Why REST Doesn’t Quite Fit Agentic AI
REST was built for stateless, client-server interactions. You request a resource, you get a response. That model works well for CRUD operations, but starts to feel rigid when agents:
- Need to initiate autonomous tasks
- Operate asynchronously
- Chain tasks together with feedback loops
- Make decisions dynamically as new information arrives
Imagine a team of AI agents handling a research task. One agent drafts, another edits, another fact-checks. Trying to coordinate that over REST quickly leads to tangled logic and brittle control flows.
What Makes MCP a Better Fit
Autonomous Flow Control
Each agent can decide when and how to act based on message content—not because it was directly called. This fits naturally with agentic AI where planning is often emergent or adaptive.
Feedback Loops and Self-Correction
Agents can append new handlers to the chain based on results. This enables self-refinement, retries, or fallback strategies—difficult to express in a RESTful design.
Loose Coupling and Flexibility
MCP abstracts communication from transport. Agents don’t need to know about URLs, endpoints, or protocols—they just handle messages. This makes the system more modular and easier to evolve.
Asynchronous by Default
MCP is naturally async, which is critical when agents run long tasks (e.g. querying web data, writing documents) or work in parallel. REST, by contrast, assumes sync blocking behavior unless you bolt on pub/sub patterns.
So, Is MCP the “New REST”?
In the context of agentic AI systems, I’d say yes—it could be.

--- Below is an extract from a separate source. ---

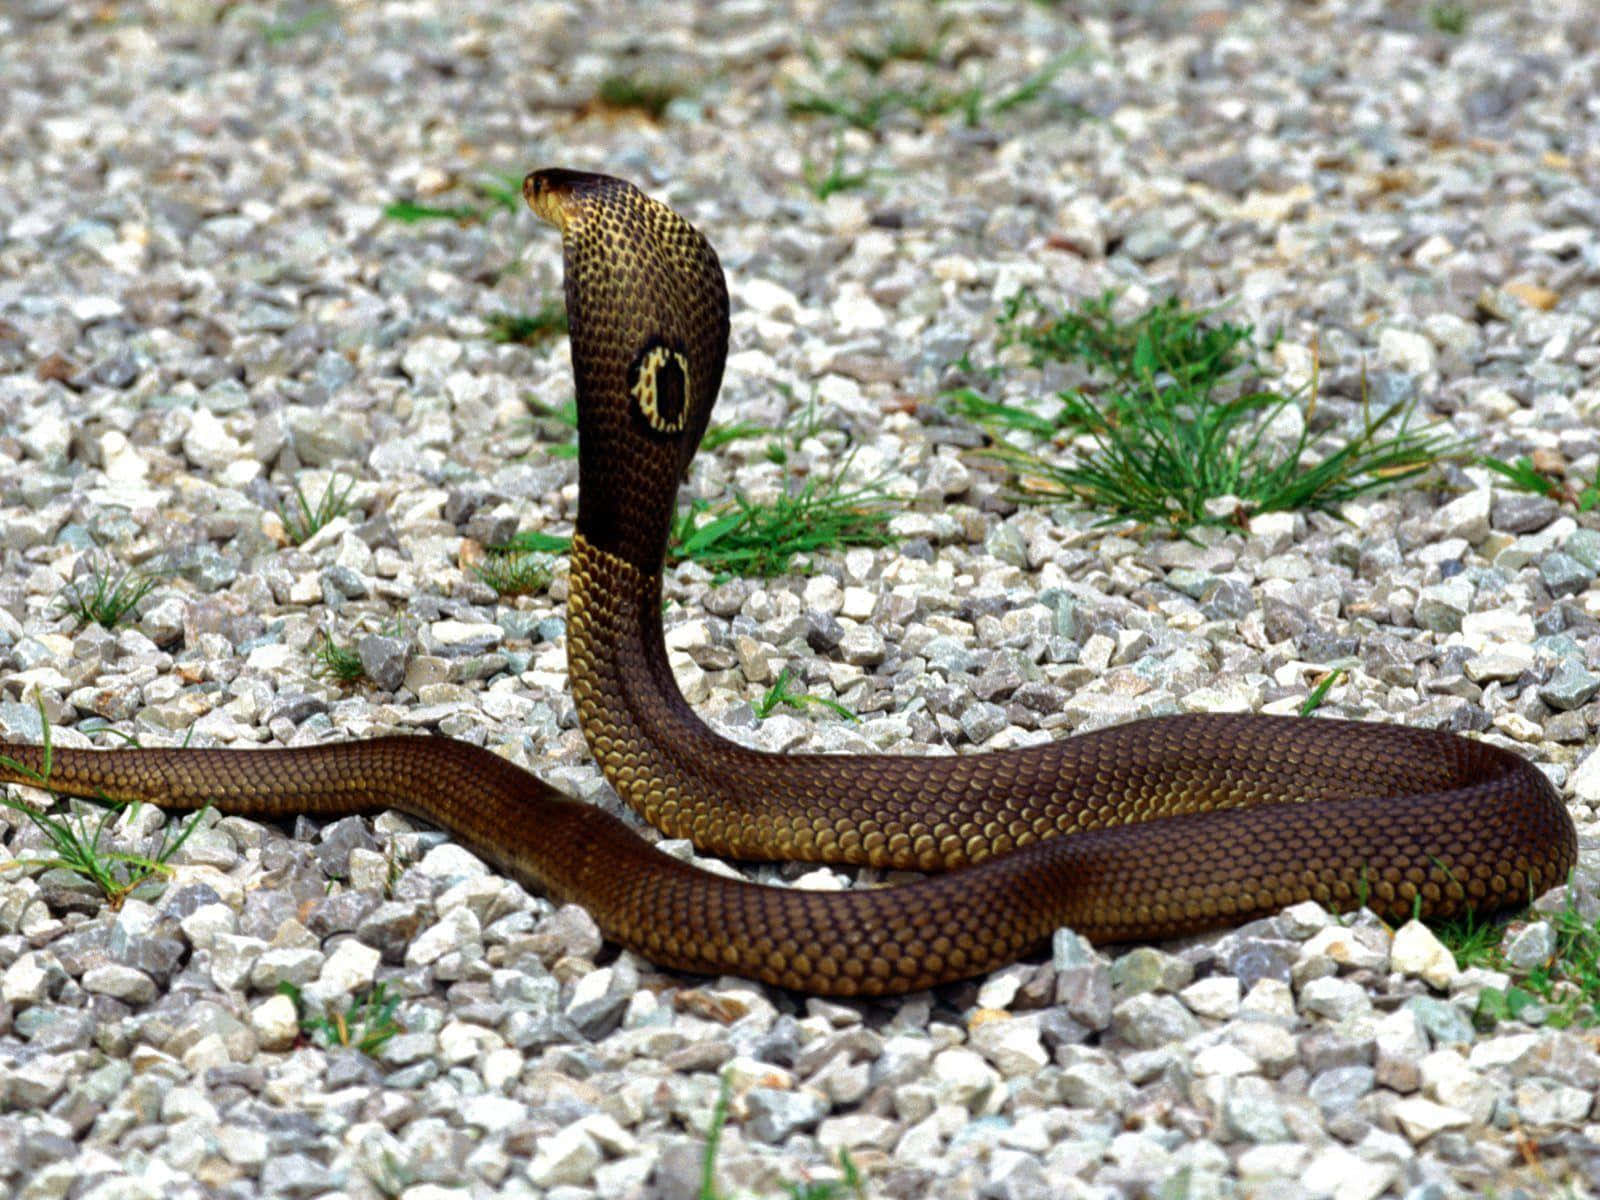 "Hissing Cobra Snake"

Not in the sense that it will replace REST for web APIs, but in the way that REST became the lingua franca of the web, MCP might become the shared protocol for AI agents.
We’re already seeing this pattern emerge in advanced orchestration layers—like LangGraph, Autogen, and agent frameworks that require multi-step planning and task handoff. Many are converging toward some variant of message-based workflows.
A Hybrid Future?
Just like we didn’t throw out REST when GraphQL or gRPC arrived, I don’t expect MCP to “replace” REST. But it’s likely to augment it, especially behind the scenes in systems where agents, tools, and autonomous workflows need to interoperate smoothly.
My current approach? Use REST at the edges—for external integrations or UI interactions—but use MCP internally to let agents plan, execute, and collaborate.
Final Thoughts
If you're building agent-based applications or orchestrating complex AI workflows, MCP is worth serious consideration. It reflects the way agents actually operate: message-driven, adaptive, and decentralised.
We’re still early in this space—but it feels a lot like the early days of REST. That’s exciting.